Иван пил пиво на веранде гостиницы, издали наблюдая, как на почтовом дворе запрягают лошадей. Долговязый слуга в красной куртке о чем-то беседовал с конюхами.

— Вот у нас на Дону вино так вино! Алое, густое, духовитое, — ворчал Лаврентий, прихлебывая местный розовый напиток — а это немецкое пойло все равно, что вишневый кисель.

— Ну-ка встань рядом. Начинай расчесывать усы, да зеркальце держи прямо, — распорядился Иван.

Казак занялся усами и осушил новый стакан.

— Смотри, охмелеешь!

— С этого напитка со мной ничего не случится. Домой вернусь, отведу душу! Пять лет прошло, как попал в плен.

— Расскажи, как это случилось?

— Так под Азовом, когда мы его штурмовали, оглушило меня взрывом. Очнулся, а на шее колодка. Так с ней и оказался на базаре в Керчи, где гололобые нехристи щупали у меня руки-ноги, считали зубы. Там продали в туретчину, гребцом на галеры. Так прикованный за ногу и плавал вместе с болгарами и итальянцами на корабле паши Гассана. Кормили паршиво и били плетьми за каждую провинность. Многие умерли, и их выбросили за борт. Да и я бы не выжил, но смилостивился Господь и наслал на нас французский фрегат. Он и прижал галеру к берегу, турки бежали, а нас освободили. Тех, у кого нашлась родня или поручители, отпустили домой, а таким как я французы предложили наняться на их галеры. Пришлось согласиться, и нам выдали штаны, куртки и шапки, все красного цвета. Кормили сытно, ежедневно давали полфунта мяса и вино, а били только за дело.

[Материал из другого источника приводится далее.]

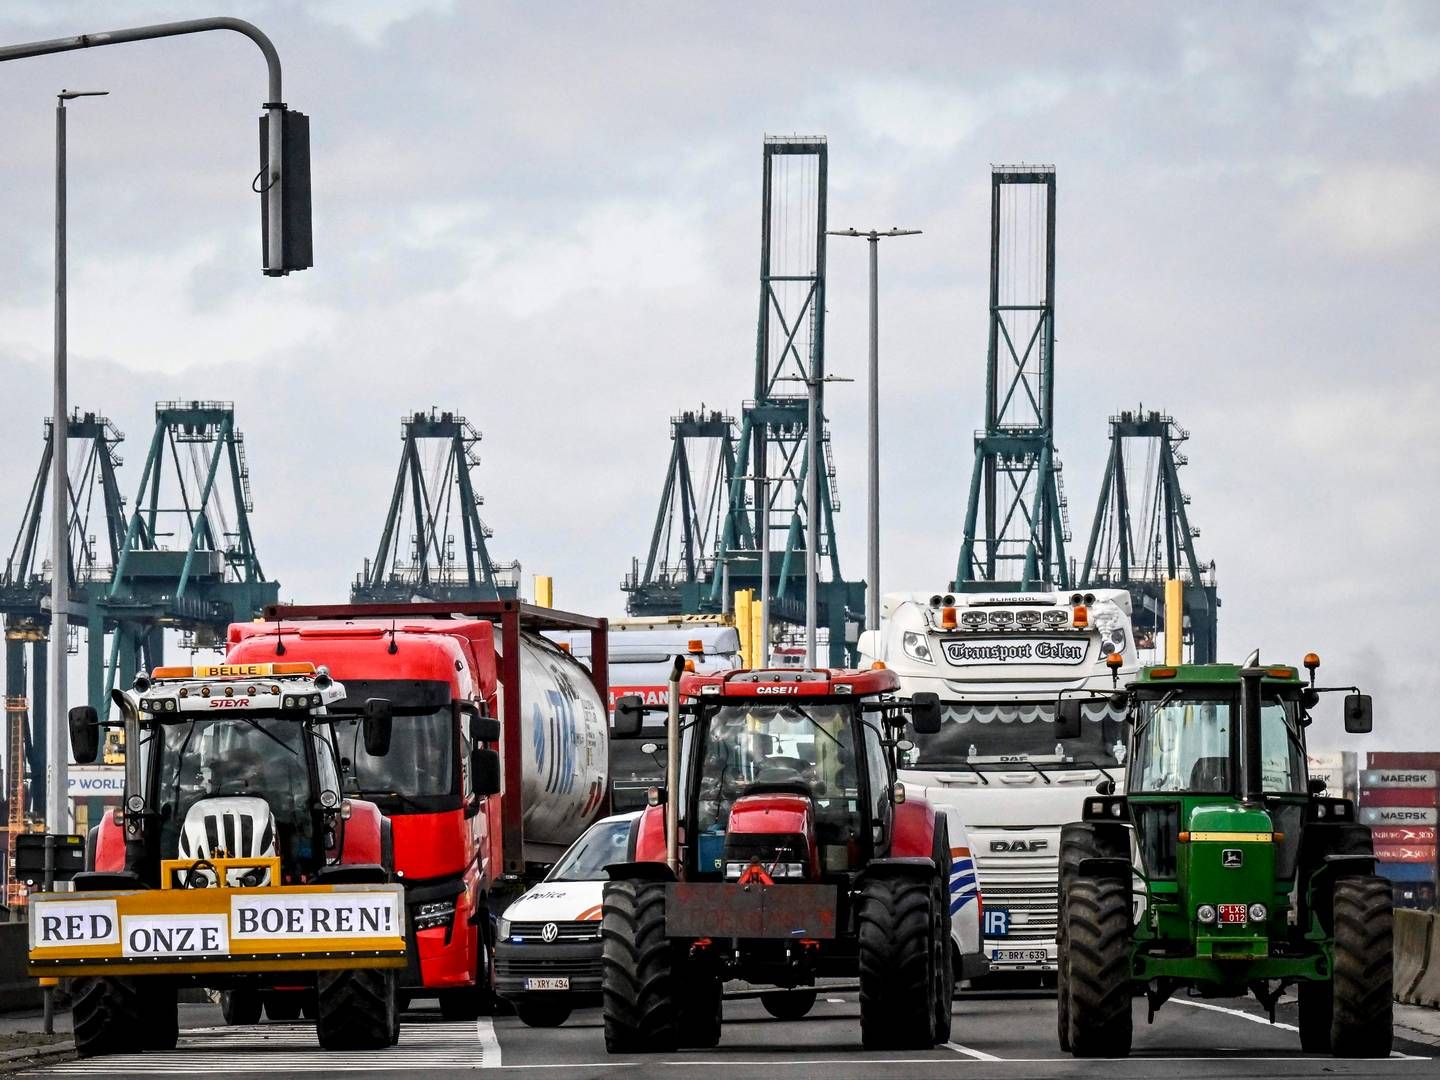 Ifølge Alfaport Voka koster blokaden millioner af euro for de virksomheder, der arbejder i havnen. | Foto: Dirk Waem/AFP/Ritzau Scanpix

— Как же ты оказался в Париже, а потом и в Голландии?

— У французского короля есть обычай — по большим праздникам на галеры приходит его ближайший боярин и за хорошее поведение освобождает одного из гребцов. Это из тех, что приговорены судом. В такой день устраивают угощение и разные игрища. Вот я и вызвался биться с их знаменитым, бойцом по имени Гран Чемпион. Схватились, и как он не тужился, я положил его на обе лопатки. Стали французы меня величать, поднесли шипучего вина, стали называть «Москов чемпион». В ту пору господин Постников из Посольского приказа был в Марселе проездом из Италии, где изучал разные науки. Прослышал он про меня и пожелал увидеть. А когда выслушал мою историю, то, дай Бог ему здоровья, забрал с собой, а потом послал к Андрею Артамоновичу… Ваня, а куда лохматый-то делся? Купец наш на берегу один стоит!

Не оборачиваясь, Иван глянул в подставленное зеркальце. Господин Брант и верно был один. А тем временем у ворот почтового двора слуга в красной куртке вытащил платок и махал им, словно отгонял мух.

Лаврентий, хотя и качался, изображая пьяного, но зеркало держал твердо. И за своей спиной Иван увидел, что трое мужчин, одетых как зажиточные горожане, появились из-за угла и направились к господину Бранту. Значит не стали рыскать по дорогам, сторожили около барж с товаром, чтобы взять наверняка.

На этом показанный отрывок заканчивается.